Ocean Basket
- Type: Private
- Industry: Restaurant
- Founded: 1995; 31 years ago
- Founder: George and Peter Lazarides
- Headquarters: Midrand, Gauteng, South Africa
- Number of locations: 200+ (2026)
- Area served: 16 countries
- Key people: Grace Harding (CEO)
- Products: Seafood
- Parent: Ocean Basket Holdings
- Website: za.oceanbasket.com

= Ocean Basket =

South African seafood restaurant chain

Ocean Basket is a South African seafood restaurant franchise. As of 2026, the chain operates over 200 locations across 16 countries. Of those restaurants, 125 are in South Africa.

== History ==

Ocean Basket was founded in 1995 by brothers Peter and George Lazarides, and opened its first restaurant in Pretoria, Gauteng.

The group expanded internationally in 2008, by opening its first restaurant in Cyprus.

In 2014, Ocean Basket opened its first restaurant in Greece. After Cyprus, this became the company's second European country of operation. The company was also preparing to open its first store in Kenya. At the time, the group said it was interested in opening stores in Angola, Egypt, Amman, Qatar, and Kuwait.

In May 2016, Ocean Basket began rebranding its corporate identity, including its logo, decor, and menu.

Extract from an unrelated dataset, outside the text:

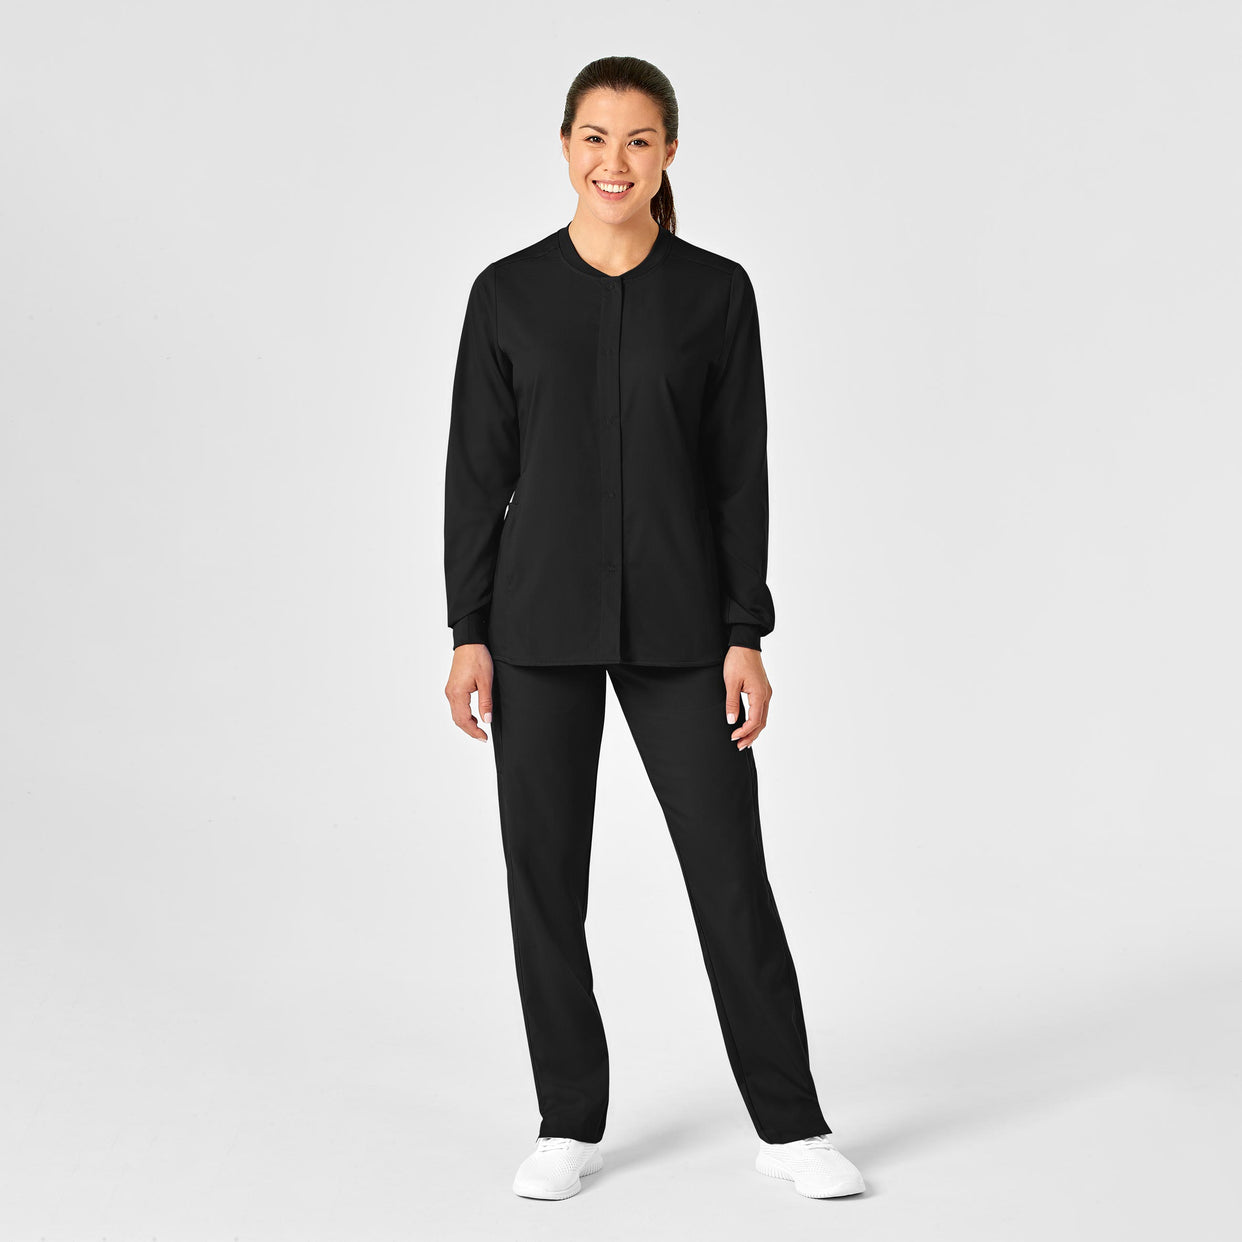 PRO Women's Snap Front Scrub Jacket - Black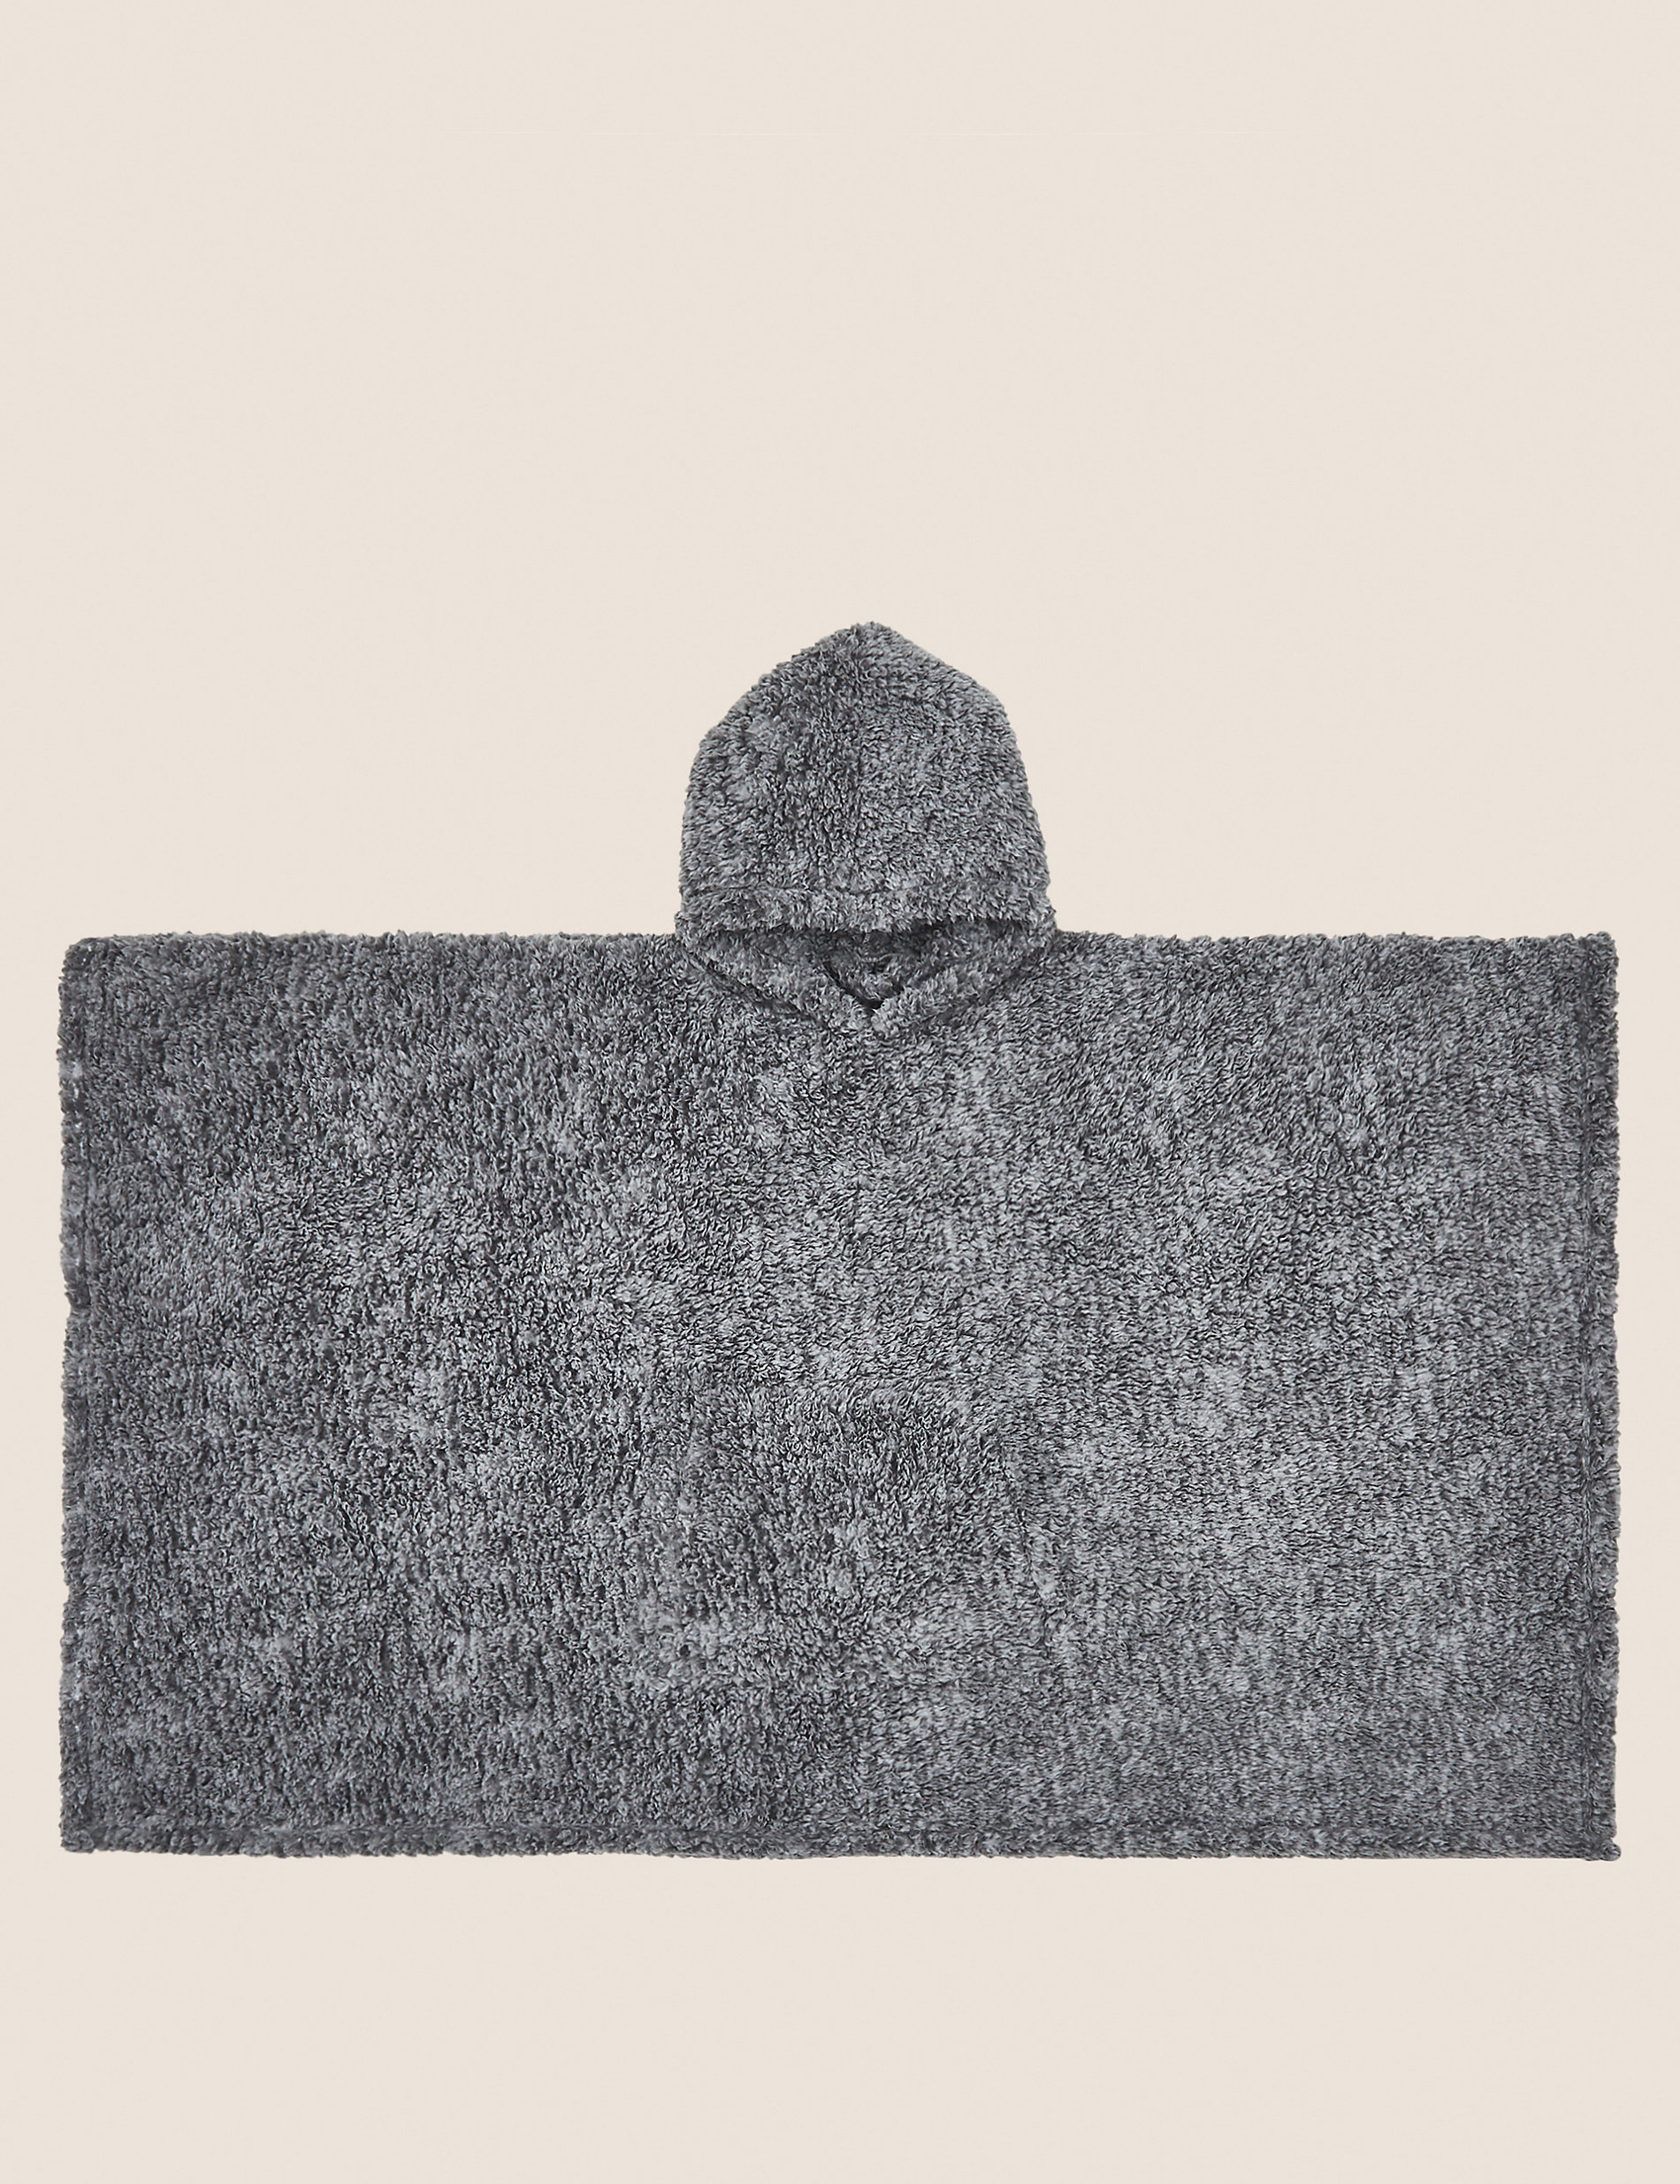 Флисовое одеяло Teddy с капюшоном The Marks & Spencer Snuggle, серый

In 2018, the group had 205 outlets across 18 countries, with 33 restaurants situated outside South Africa. Of those, 95% were franchised, with the remainder being company-owned.

In March 2026, the company stated in a media interview that it was exploring opening restaurants in numerous new markets, including Romania, Poland, Bulgaria, Croatia, Singapore, Thailand, Malaysia, Vietnam, and the Philippines.

In June 2026, Ocean Basket launched a mobile platform to facilitate digital ordering, as well as the company's new loyalty program, OB Rewards.

== Operations ==

The company operates using a hybrid model, where some of its stores are franchised, while others are corporate-owned. Its franchises are administered by Ocean Basket Franchise Company (Pty) Ltd.

As of mid-2026, Ocean Basket has over 200 outlets across 16 countries. 125 of those are located in South Africa, with most being in Gauteng.

The company follows a localization strategy, tailoring its menu, decor, and overall restaurant atmosphere to preferences in the various markets in which it operates.